Magistrates in France have filed preliminary charges against five emergency service officials for allegedly not assisting people in danger following the deaths of 27 migrants in the English Channel when their boat sank in 2021.
Judges in Paris have been investigating whether distress calls were mishandled by responders on duty on the French coast and authorities in charge of rescue missions. The accident in November 2021 was the deadliest since a surge in clandestine crossings on small boats in recent years by people trying to reach the UK coast from France.
Late last year, president Emmanuel Macron’s government launched its own internal probe to try to determine if calls for help were ignored, after Le Monde newspaper published leaked recordings revealing that French services did not send help to the migrants despite numerous calls requesting aid.
The five people now facing preliminary charges are military personnel and part of Cross, a coastal emergency services unit that is overseen by the prime minister’s office, a court official said, confirming a report by AFP news agency.
Ten other people, civilians, are also already facing preliminary charges as part of the investigation, but on various other counts, including involuntary homicide and for helping people stay illegally in France, the court official added.
The investigation, being handled by a special organised crime unit, still has a long way to run before magistrates and prosecutors decide whether to proceed to a trial. In the French system, after someone is mis en examen, the investigating magistrate will further examine the allegations against the person as a first step, and charges can still be dropped or the person can be ordered to stand trial.
The prime minister’s office did not respond to requests for comment.
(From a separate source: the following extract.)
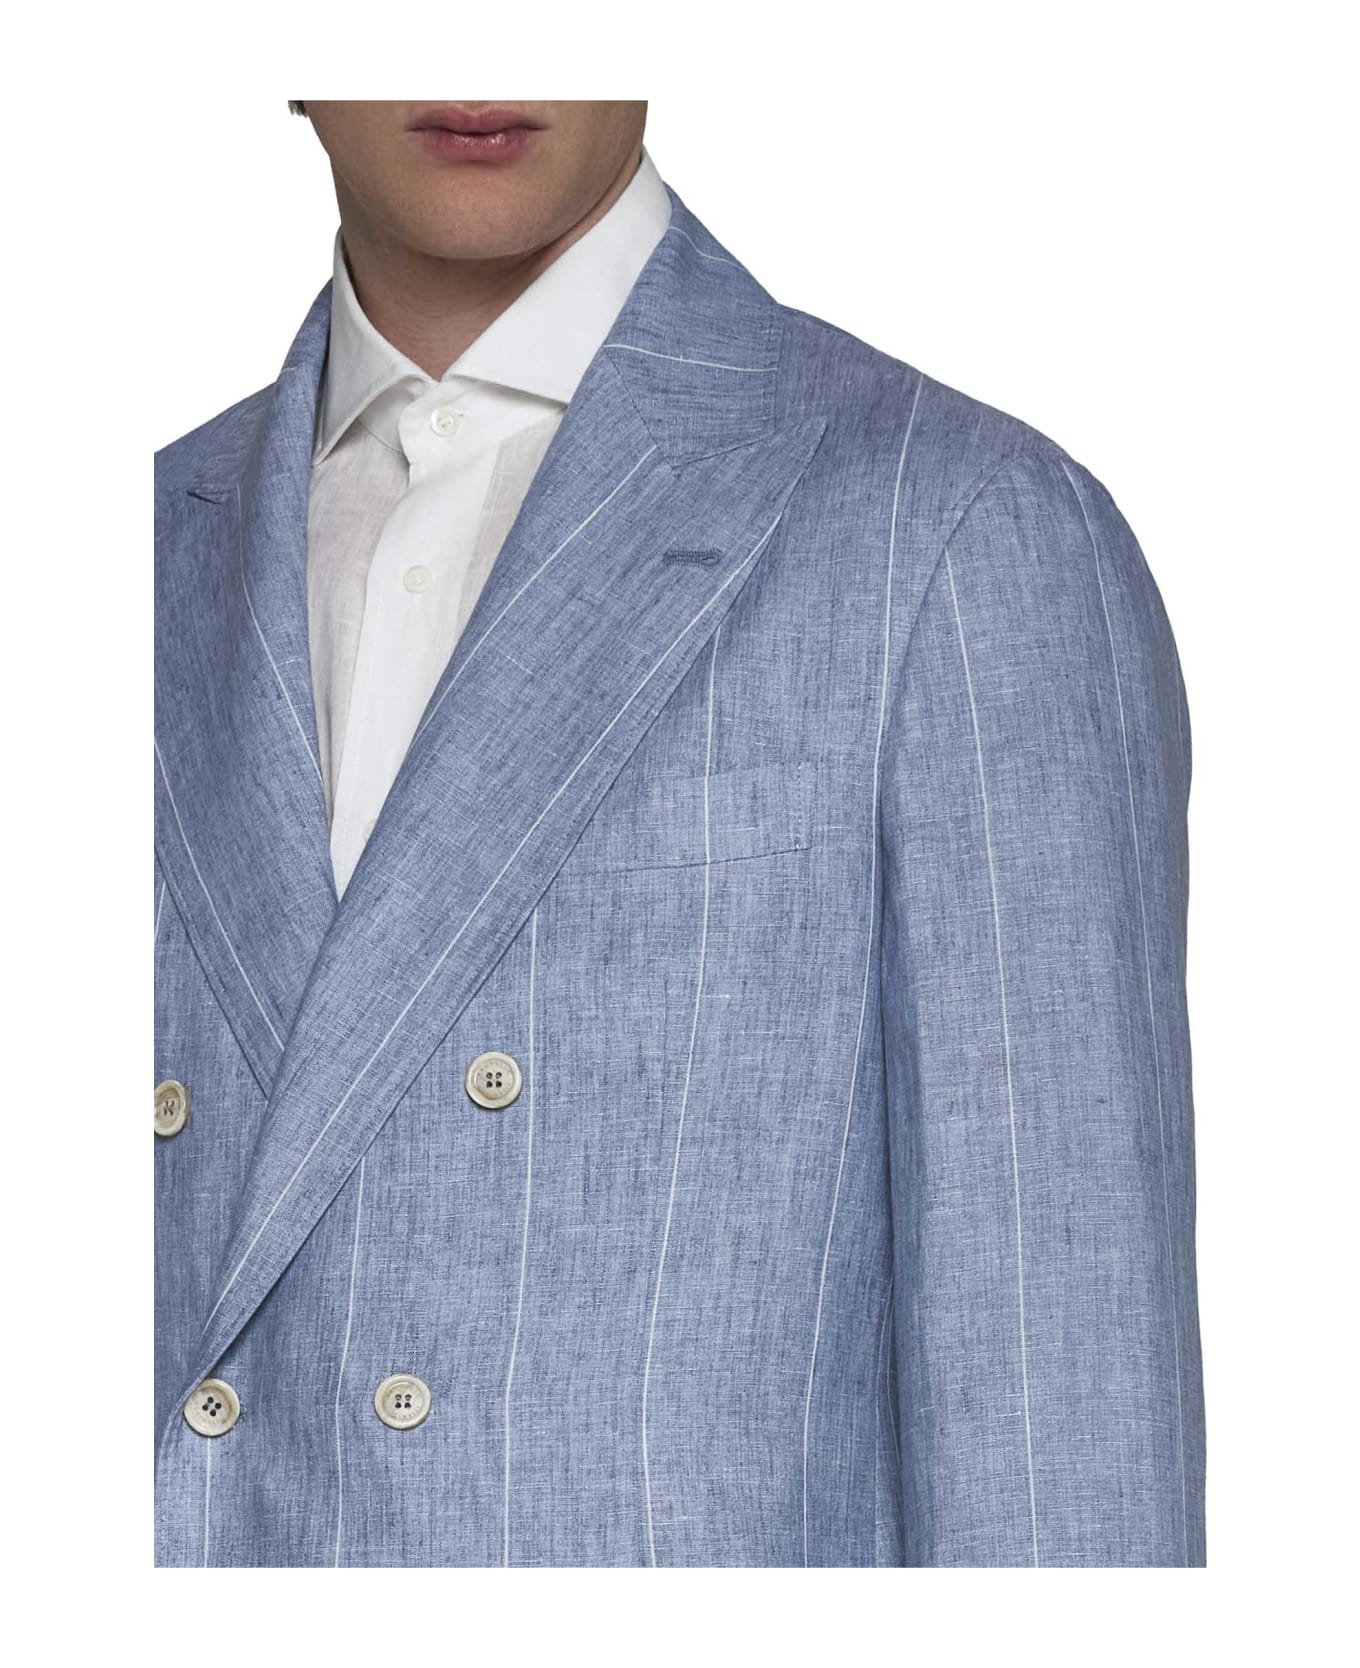 Brunello Cucinelli Double-breasted Striped Tailored Suit - Celeste スーツ

The accident in 2021, which sparked an outcry in France and Britain, has since been followed by several new pacts and commitments by both governments to try to stem the flow of small boats attempting the dangerous crossing.
That includes heightened patrols by French police, under a revised migration agreement with Britain from November 2022 also equipped with a bigger budget. Britain, meanwhile, is attempting to further tighten its rules on asylum claims to act as a deterrent.
Humanitarians groups have said this has done little to stop the crossings, however, which have shifted to different parts of the French coast or to Belgium.
The number of people journeying across the Channel reached 46,000 in 2022, up 60 per cent from a year earlier, according to British official figures.
In the leaked emergency recordings from 2021 obtained by Le Monde, which the Financial Times could not independently verify, French authorities told the migrants that they should contact UK emergency services as they were in British waters.
Officials could also be heard making insensitive comments in asides about the migrants, fuelling further criticism and shock over how the emergency calls were handled.